I may be able to take classes eventually. I have time, not money, experience with Dynamo, my previous dog (agility & rally).
I just want to have fun with Sonic, no competion, but agility was such a blast with Dynamo, I sorely miss it. If I can do the foundation (pre-equipment) training myself it would be great. I can afford two six week sessions per year, so it would be nice to see what I can teach ahead of time, and hopefully get to skip the foundation (no equipment level) BUT my memory is incompletely. Would love some help with a list.
I don't have a fenced yard or secure training place. Do have a good neighbourhood dog park to practice near dogs, and I use a long line.

Two on, two off--contacts, with plywood ramp, stair, anything
Wobble board--plywood on a stone (dynamo trained on a board on a log, but she was fearless)
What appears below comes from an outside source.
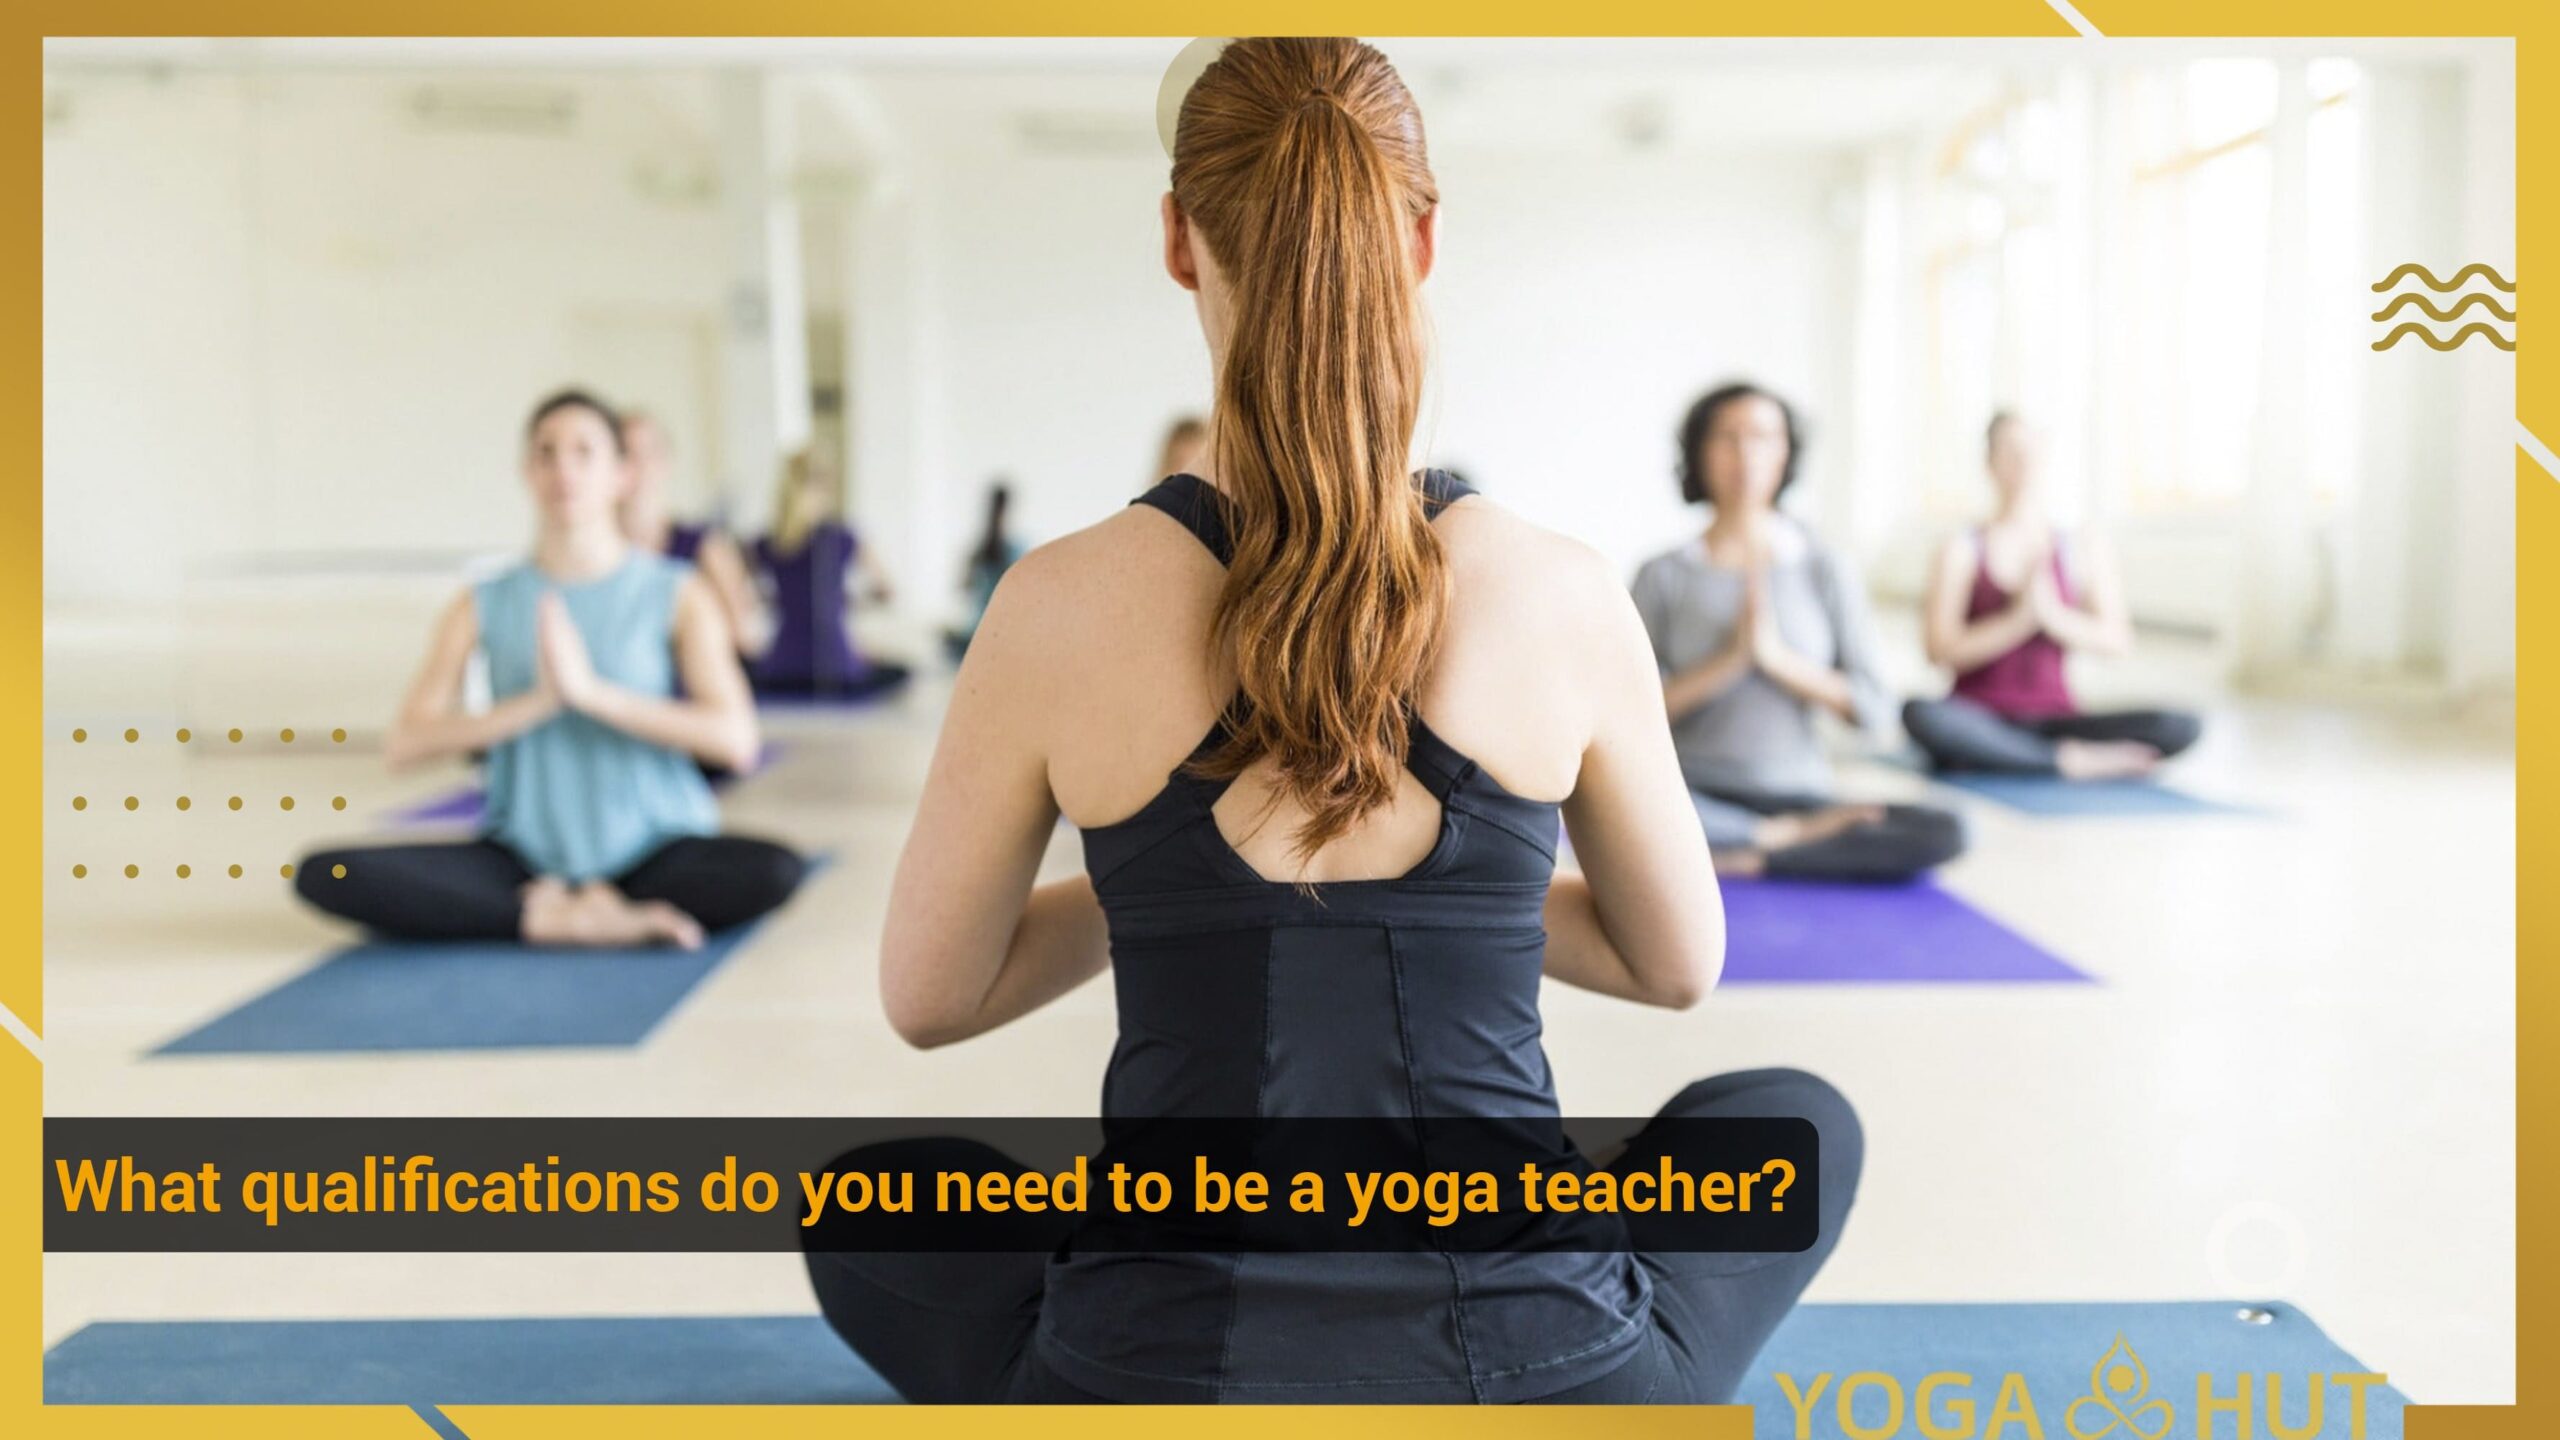 A yoga teacher

Touch and targets, target stick
Running with me, here's where I get fuzzy. Sonic will chase me in any direction, not sure what exact configuration I should work on.
I have not started contacts yet. We are still working super basic stuff like, "no, you can't have that squirrel/goose/muscrat". I've had him 3 months, he will be 2 in July, I'm just looking for long term goals. 
What would a basic "no equipment" coarse outline be? I never did one with Dynamo, got her right on the equipment but I had done much of the above myself so she was ready--and she was fearless. Sonic is a softer dog.
Thanks!


----------